Hi ARM-Support,
I compared the performance of plain C code and C code with NEON intrinsics on my RaspberryPi 4 and was surprised that the plain C code is slightly faster. The code is in both cases some XOR operations (200 bytes in the plain C, 400 bytes in the NEON C code). By looking at the assembler code generated by GCC my impression was, that the NEON code should be a little bit faster, as it has fewer instructions.
The measurements were performed by using the CNTPCT_EL0, Counter-timer Physical Count register.

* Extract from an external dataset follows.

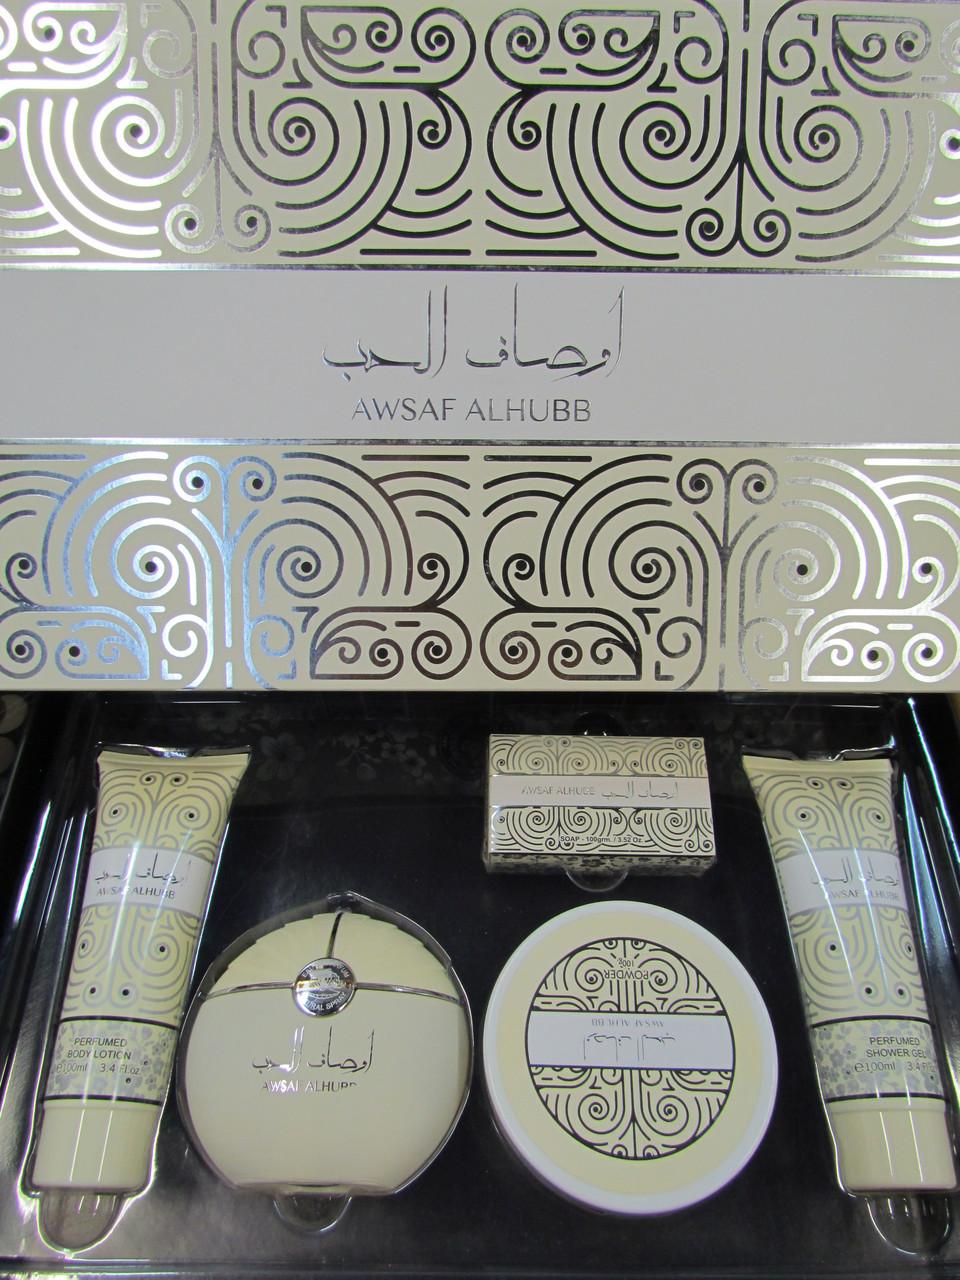 Парфюмерно - косметический сет для женщин Ard Al Zaafaran Awsaf Al Hub 100мл +

Do you have an idea why the NEON C code is slightly slower compared to pure C and is there somewhere documented how many clock cycles the instructions need if NEON registers are used?
NEON code:
ldp q0, q7, [x0] ldp q6, q5, [x0, #32] ldp q16, q4, [x0, #64] ldp q3, q2, [x0, #96] ldr q1, [x0, #128] eor v4.16b, v4.16b, v0.16b eor v1.16b, v1.16b, v5.16b eor v3.16b, v3.16b, v7.16b eor v2.16b, v2.16b, v6.16b ldp q0, q7, [x0, #144] ldp q6, q5, [x0, #176] eor v0.16b, v0.16b, v16.16b eor v4.16b, v4.16b, v7.16b ldp q16, q7, [x0, #208] eor v3.16b, v3.16b, v6.16b eor v2.16b, v2.16b, v5.16b ldp q6, q5, [x0, #240] eor v1.16b, v1.16b, v16.16b eor v0.16b, v0.16b, v7.16b ldp q16, q7, [x0, #272] eor v4.16b, v4.16b, v6.16b eor v3.16b, v3.16b, v5.16b ldp q6, q5, [x0, #304] eor v2.16b, v2.16b, v16.16b eor v1.16b, v1.16b, v7.16b ldp q16, q7, [x0, #336] eor v4.16b, v4.16b, v5.16b eor v0.16b, v0.16b, v6.16b ldp q6, q5, [x0, #368] eor v3.16b, v3.16b, v16.16b eor v2.16b, v2.16b, v7.16b eor v1.16b, v1.16b, v6.16b eor v0.16b, v0.16b, v5.16b stp q4, q3, [x0] stp q2, q1, [x0, #32] str q0, [x0, #64] ret nop nop nop
C Code:
ldp x5, x4, [x0] ldp x1, x6, [x0, #32] ldp x7, x8, [x0, #48] eor x5, x5, x6 ldp x3, x2, [x0, #16] eor x4, x4, x7 ldp x6, x7, [x0, #64] eor x3, x3, x8 ldp x11, x13, [x0, #120] eor x2, x2, x6 eor x1, x1, x7 ldr x6, [x0, #88] ldr x9, [x0, #96] ldr x12, [x0, #136] eor x6, x6, x13 ldr x10, [x0, #80] eor x4, x4, x6 ldr x6, [x0, #160] eor x9, x9, x12 eor x3, x3, x9 ldr x9, [x0, #168] eor x10, x10, x11 eor x5, x5, x10 ldr x8, [x0, #104] ldp x11, x10, [x0, #144] eor x5, x6, x5 eor x4, x4, x9 ldr x7, [x0, #112] eor x8, x8, x11 stp x5, x4, [x0] eor x2, x2, x8 ldr x8, [x0, #176] eor x7, x7, x10 ldr x6, [x0, #184] eor x1, x1, x7 ldr x5, [x0, #192] eor x3, x3, x8 eor x2, x2, x6 eor x1, x1, x5 stp x3, x2, [x0, #16] str x1, [x0, #32] ret nop nop
Best regards
Ok, I see. Can I rely on GCC/Clang that they can put the instructions in such a way that this additional latency can be hidden or should I do this manually?